The Commission on Revenue Allocation (CRA) early this week, noted that since the beginning of devolution, counties have been doing poorly at collecting their own-source revenue.
CRA’s vice-chairperson Humphrey Wattanga revealed that the 47 devolved units have managed only Sh306 billion in internal revenue since 2013 compared to Sh3.6 trillion counties have received from the national government during the same period.
This has seen the county governments overly rely on funds from the national government coming from an equitable share of revenue.
“Counties are currently at only 16 percent of their potential in terms of collection.

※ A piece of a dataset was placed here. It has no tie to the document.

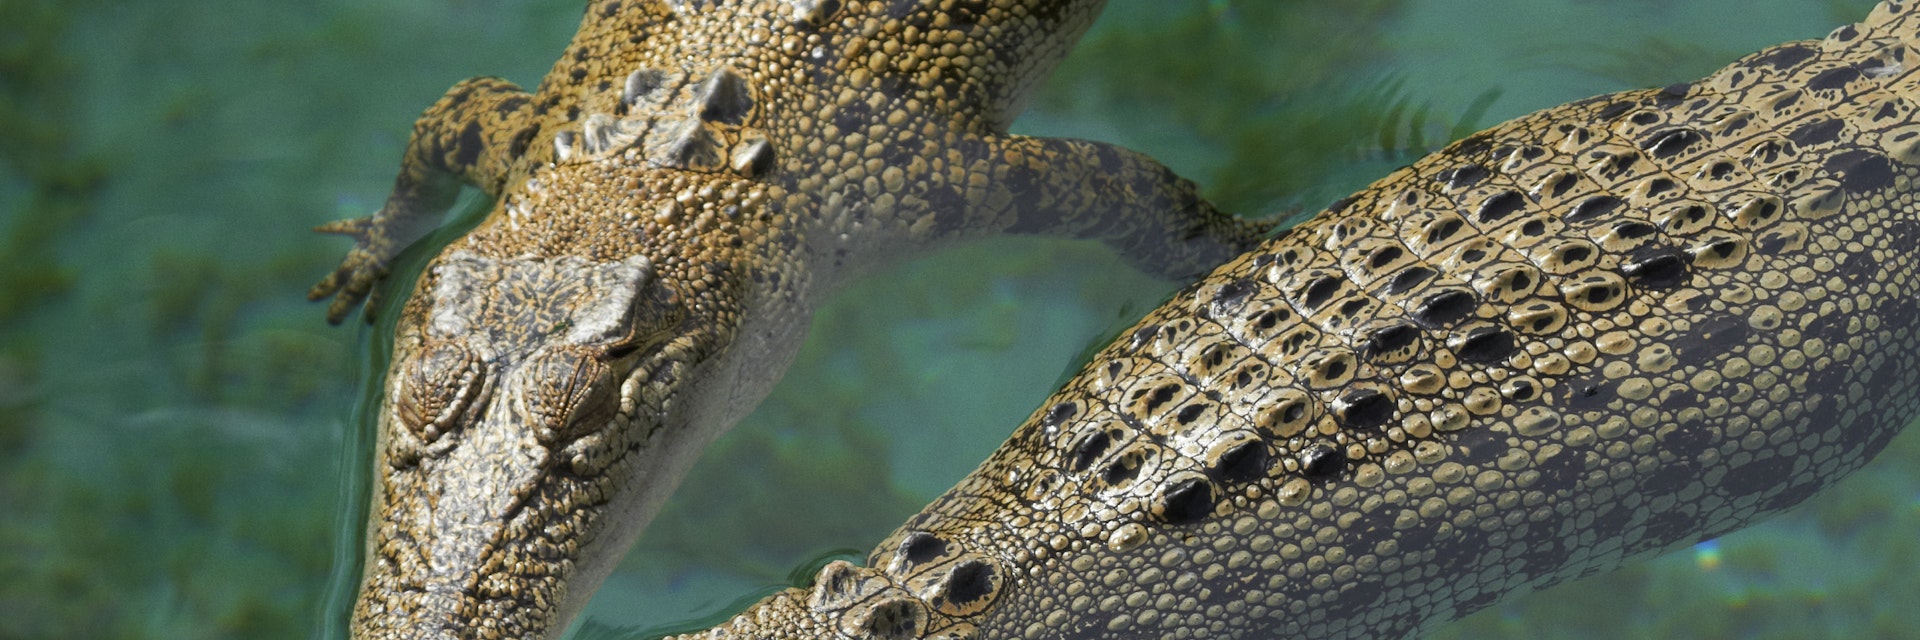 Saltwater crocodiles (Crocodylus porosus) lounging in pool at Crocosaurus Cove.

From the commencement of devolution to date, counties in totality have collected Sh306 billion as their own source revenue,” Wattanga said.
He highlighted that the situation has seen development services suffer in the county governments with no county able to allocate more than 30 percent of total expenditure on development as is required by the Public Finance Management Act.
Wattanga added that the mark has remained elusive for the majority of the counties, especially those that inherited huge staff complement at the onset of the devolution.
However, many of the counties have continued to make things worse by perpetuating a hiring spree with successive regimes and in the process failing to adhere to fiscal requirement of expenditure on wages not to go beyond 35 percent of total expenditure.
To reverse counties overdependence on funds from the national government, CRA has advised county governments to roll out integrated county revenue management systems, including digitising of land and property records.
This is in addition to updating valuation rolls which Wattanga said is critical in enabling counties optimise revenue collection and improve in revenue management.
He challenged incoming commissioners and the Council of Governors to take up the idea to improve county revenue collection and management.
“We simultaneously believe that if counties improved on and raised up their fiscal effort as pertains to improving their financial management and optimising their revenue potential, the adherence to progressive and constructive fiscal responsibility principles, however aggressive, can be attained,” Wattanga said.
He also noted that the Commission has also worked hard to advance the specification and push the establishment of a single integrated county revenue management system to support counties in optimisation of revenue collection and improvement in revenue management.
To nudge the counties towards financial prudence, the CRA partnered with the World Bank to roll out a County Creditworthiness initiative aimed at enhancing revenue collection and strengthening financial management.
Laikipia, Bungoma, Makueni, Kisumu, Mombasa and Nyandarua counties have since benefited from the initiative.
To this end, in June, Laikipia County received Cabinet and Parliamentary approval to issue a Sh1.16 billion infrastructure bond.